Persistent URL: http://purl.org/nxg/note/posters
Version Hg:fef07e2f7bc0 of 2012-01-09T16:14:29+00:00,
Examine the two templates for portrait and landscape posters.
In outline, you use the a0poster
class (browse, zip)
to handle the page size and fonts for an A0
plotter, and the textpos
package (browse, zip)to place text at arbitrary positions on the page. The
sequence of tools is:
% latex my_poster % dvips my_poster -o myposter.ps % gv my_poster.ps
Instead of going via Postscript, you can produce your poster using
pdflatex
[CT]. This has the
advantage that pdflatex
can handle several bitmap formats
directly (for example, PNG, GIF, JPEG or TIFF files); this can make a
big difference if you are including bitmaps in your poster. The
latex->dvips
route can handle only .eps
files, so bitmaps must be converted to .eps
first.
However, the encoding of bitmap files in .eps
is
typically very inefficient, and results in huge
.eps
and .ps
files, and this can cause
problems, for example if it causes your printer to run out of
memory.
Also, you can view PDF files using Acrobat, gv, or even the Gimp, which may have more flexibility, as well as making it easier to produce A4 previews.

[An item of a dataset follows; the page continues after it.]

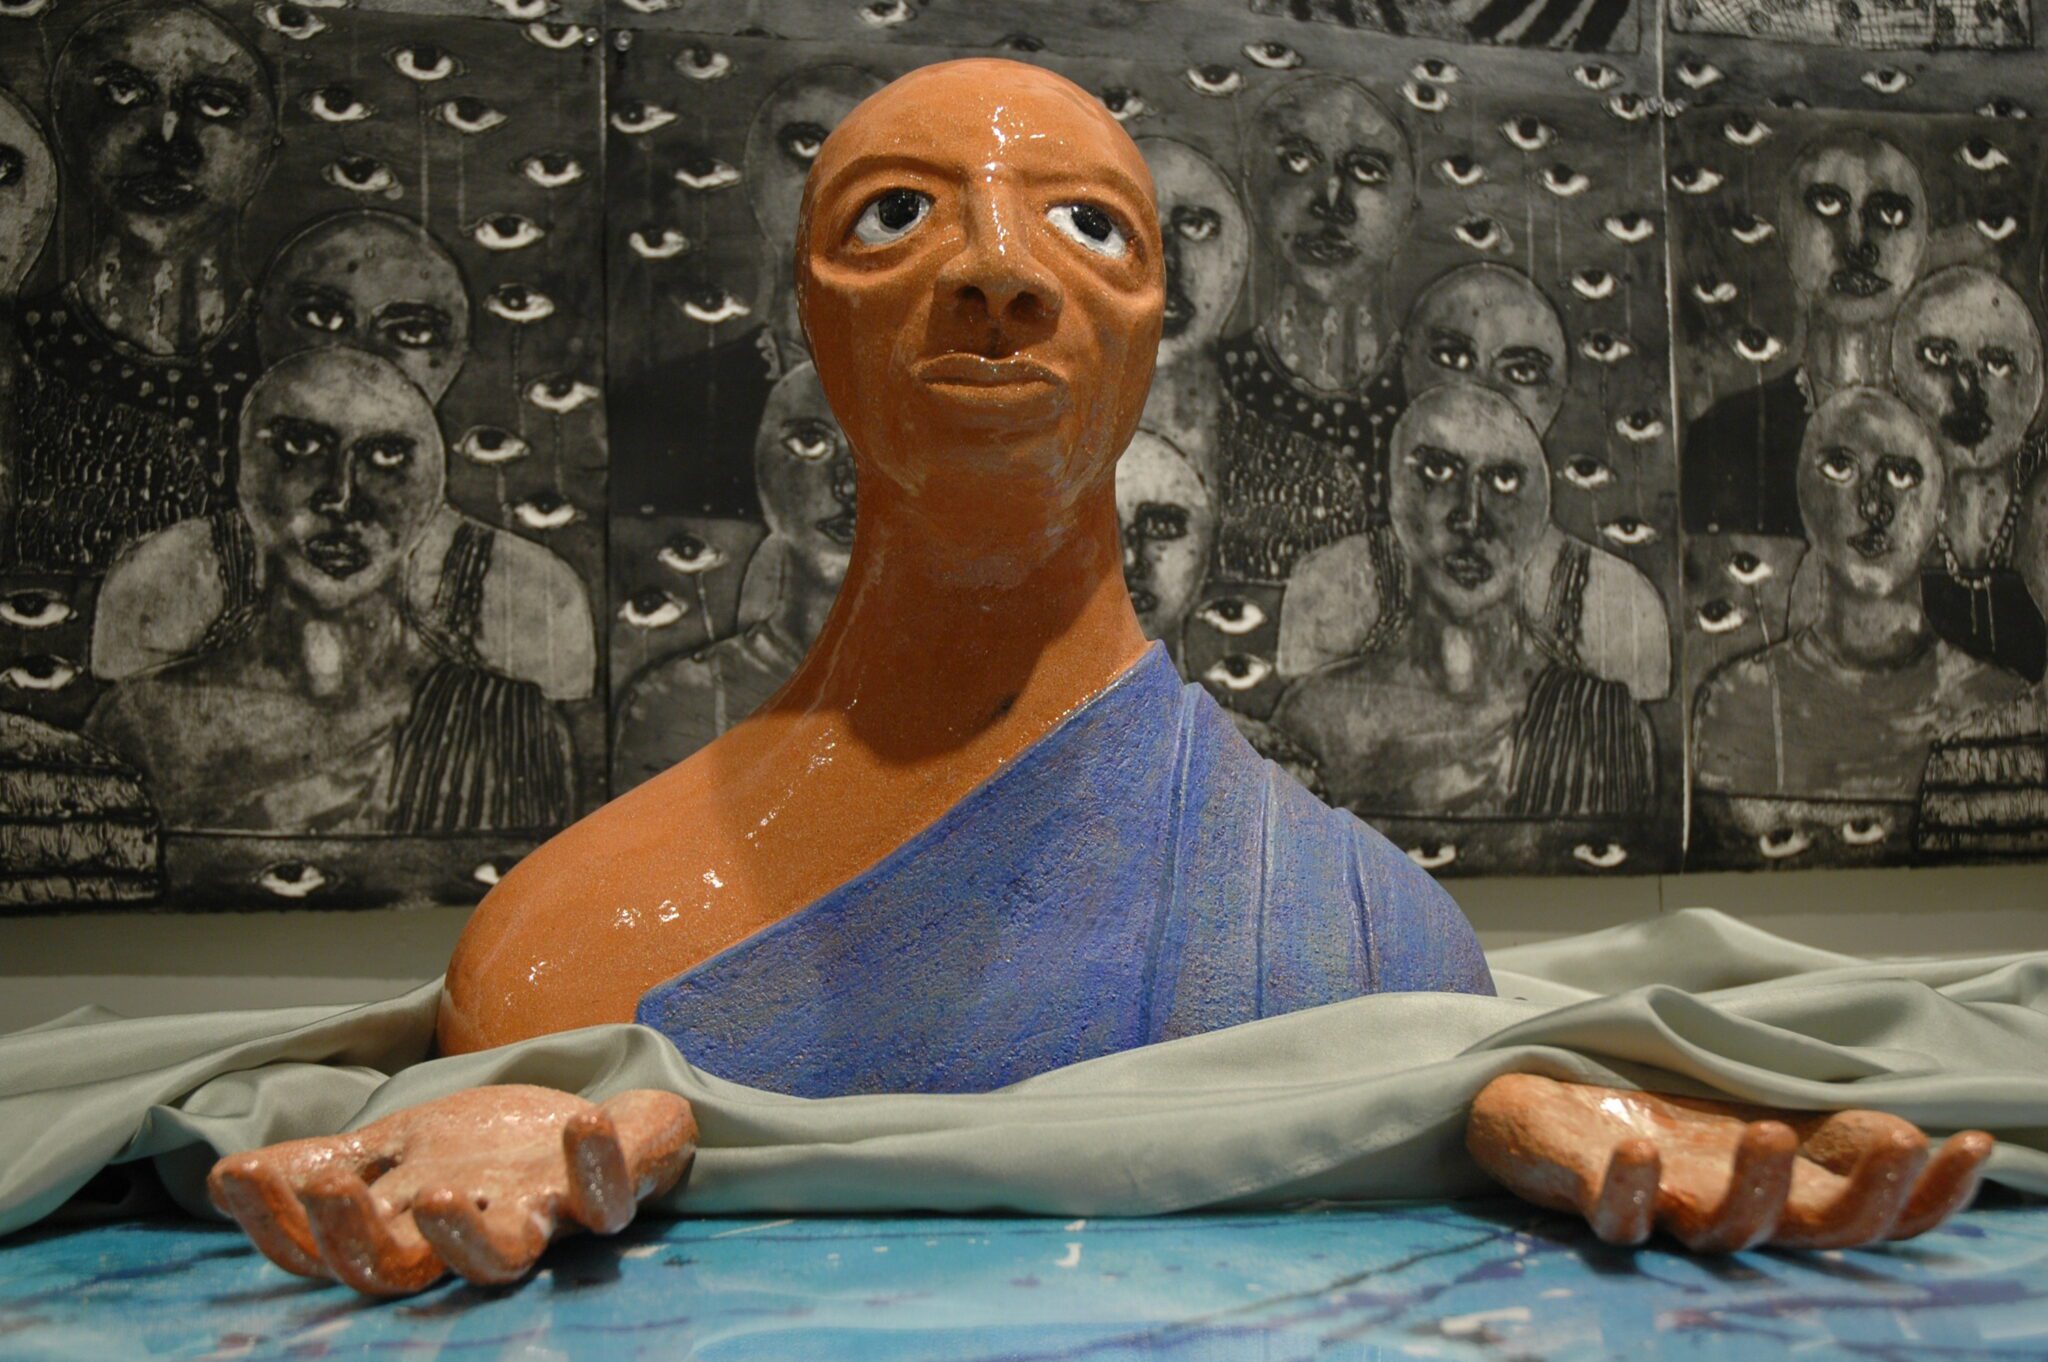 Ancestors of the passage a healing journey through the middle passage, installation, detalle de busto de cerámica

The only, slight, disadvantage of pdflatex is that it can't handle EPS files
directly, so they have to be converted using epstopdf
beforehand.
If you're likely to be switching between latex
and
pdflatex
, remember that, with the graphicx
package, the command \includegraphics{file}
will cause
latex
to search for file.eps
, and
pdflatex
search for first file.pdf
(or other
appropriate file extensions). Thus if you have both
file.eps
and file.pdf
(say) in your
directory, then both latex
and pdflatex
should
Just Work.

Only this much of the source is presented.